MGI, based in Paris, said the takeover positioned it in a "new high-growth market" that is forecast to be worth $300bn in a few years.
Ceradrop in Limoges was launched seven years ago by members of the noted laboratory Centre National de la Recherché Scientifique.
It develops kit for printing 2D and 3D-ceramic and organic electronic components with high added-value. These include antennas, organic light emitting diode display screens, electronic chip cards, solar cells, RFID tags, and biomedical sensors.
Customers include advanced scientific laboratories and industrial groups such as Gemalto, DisaSolar and Thales, as well as American universities such as Northwestern.
An important high-growth market includes printed displays for the industrial and third generation printed solar panels.
The team of 15 doctors, engineers and technicians is currently working on printed fuel cells using inkjets and a project involving printed ceramic magnetic components.
The printed electronics' market, worth $9.4bn in 2012, is forecast to grow to more than $40bn in 2020 and $300bn by 2030.
MGI vice president for marketing Kevin Abergel said: "We are still under blackout on acquisition costs, but we will help push Ceradrop to the next level: they do inkjets; we do inkjets, but the two are completely different. Printed electronics is in the early stages of commercial viability.
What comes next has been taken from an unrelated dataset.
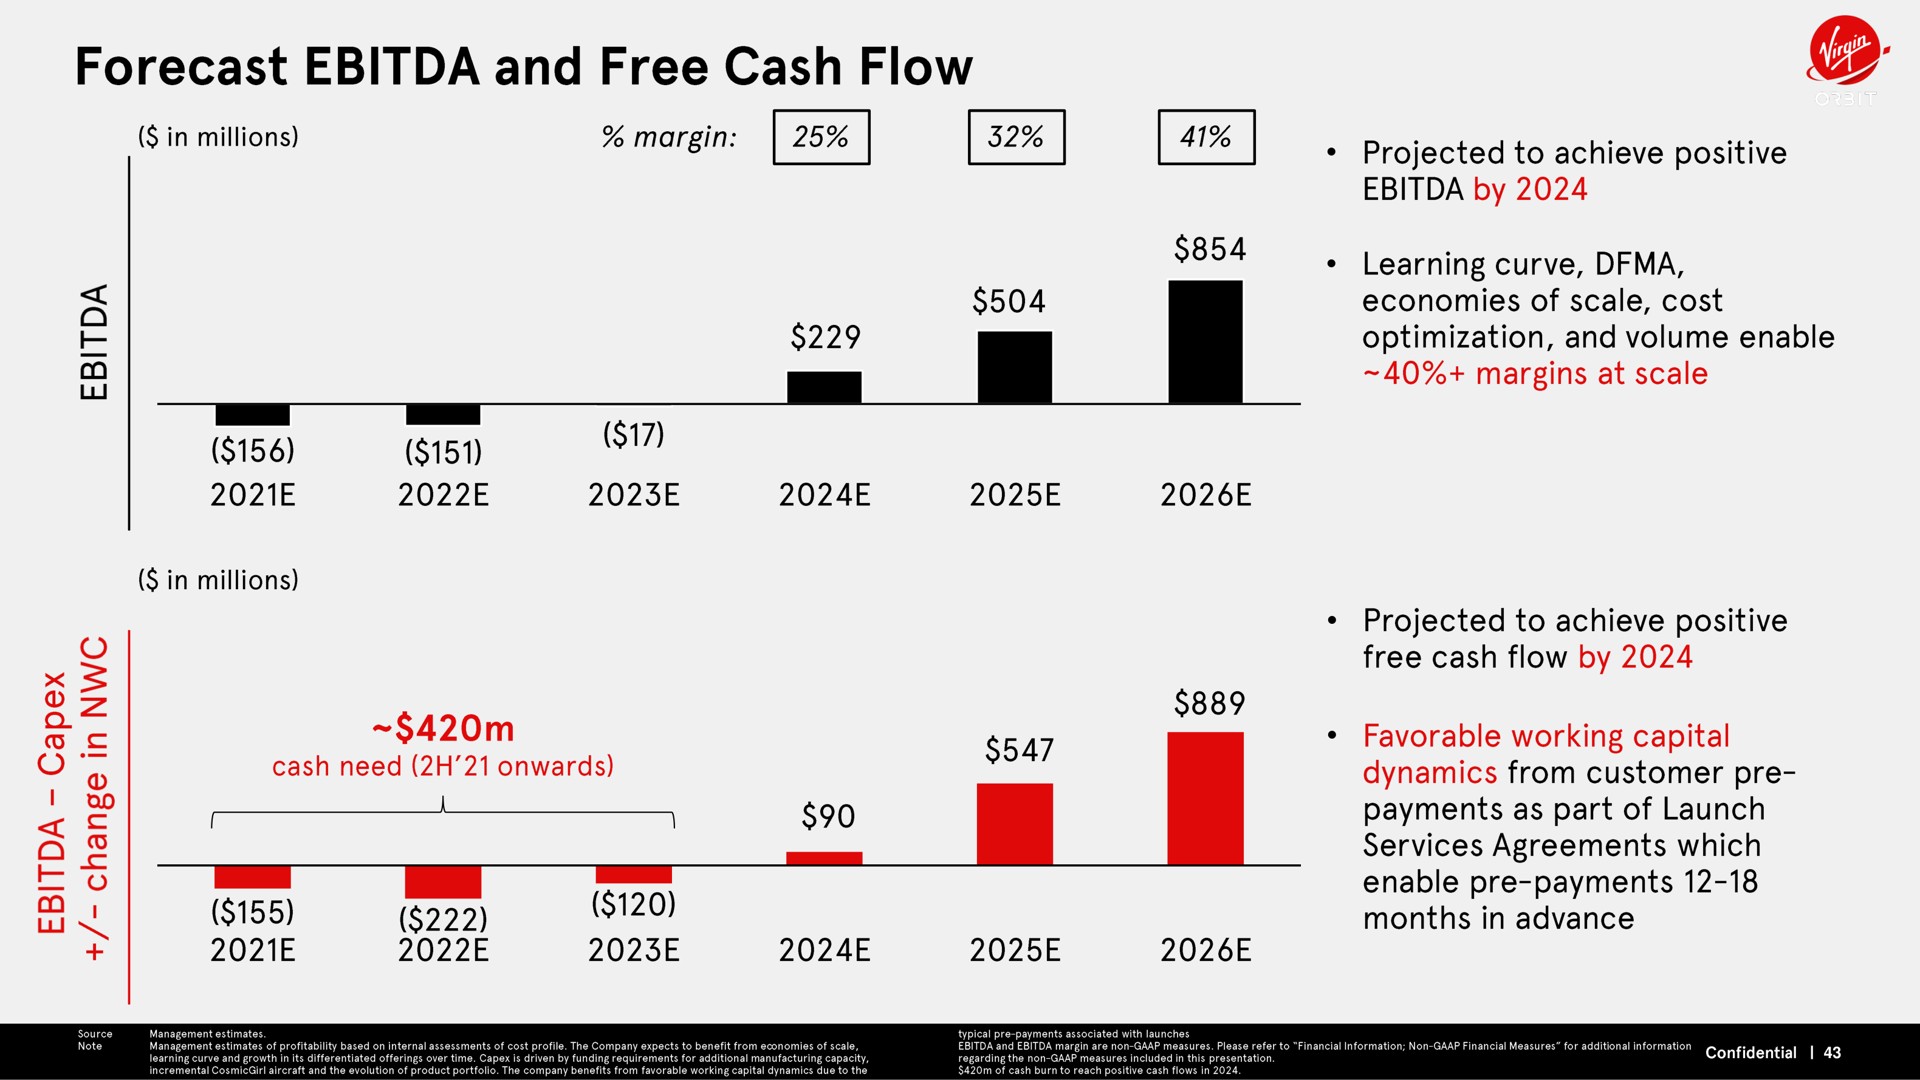 forecast and free cash flow | Virgin Orbit

"We want to integrate a lot of the cool stuff they are doing into our machines – this is about bringing their technology into the graphic arts and seeing how we can get creative in different ways."
His uncle, MGI president Edmond Abergel, said: "With the explosion of printed electronics and 3D-printing, new opportunities are available. With the Ceradrop team we can establish a centre of excellence with exceptional and global expertise in the field of inkjet.
"Integrating Ceradrop will enable us not only to accelerate innovation in our current markets but also to position ourselves in these new markets for printed electronics and 3D-printing, which has been widely forecast to become mass market in the next five years."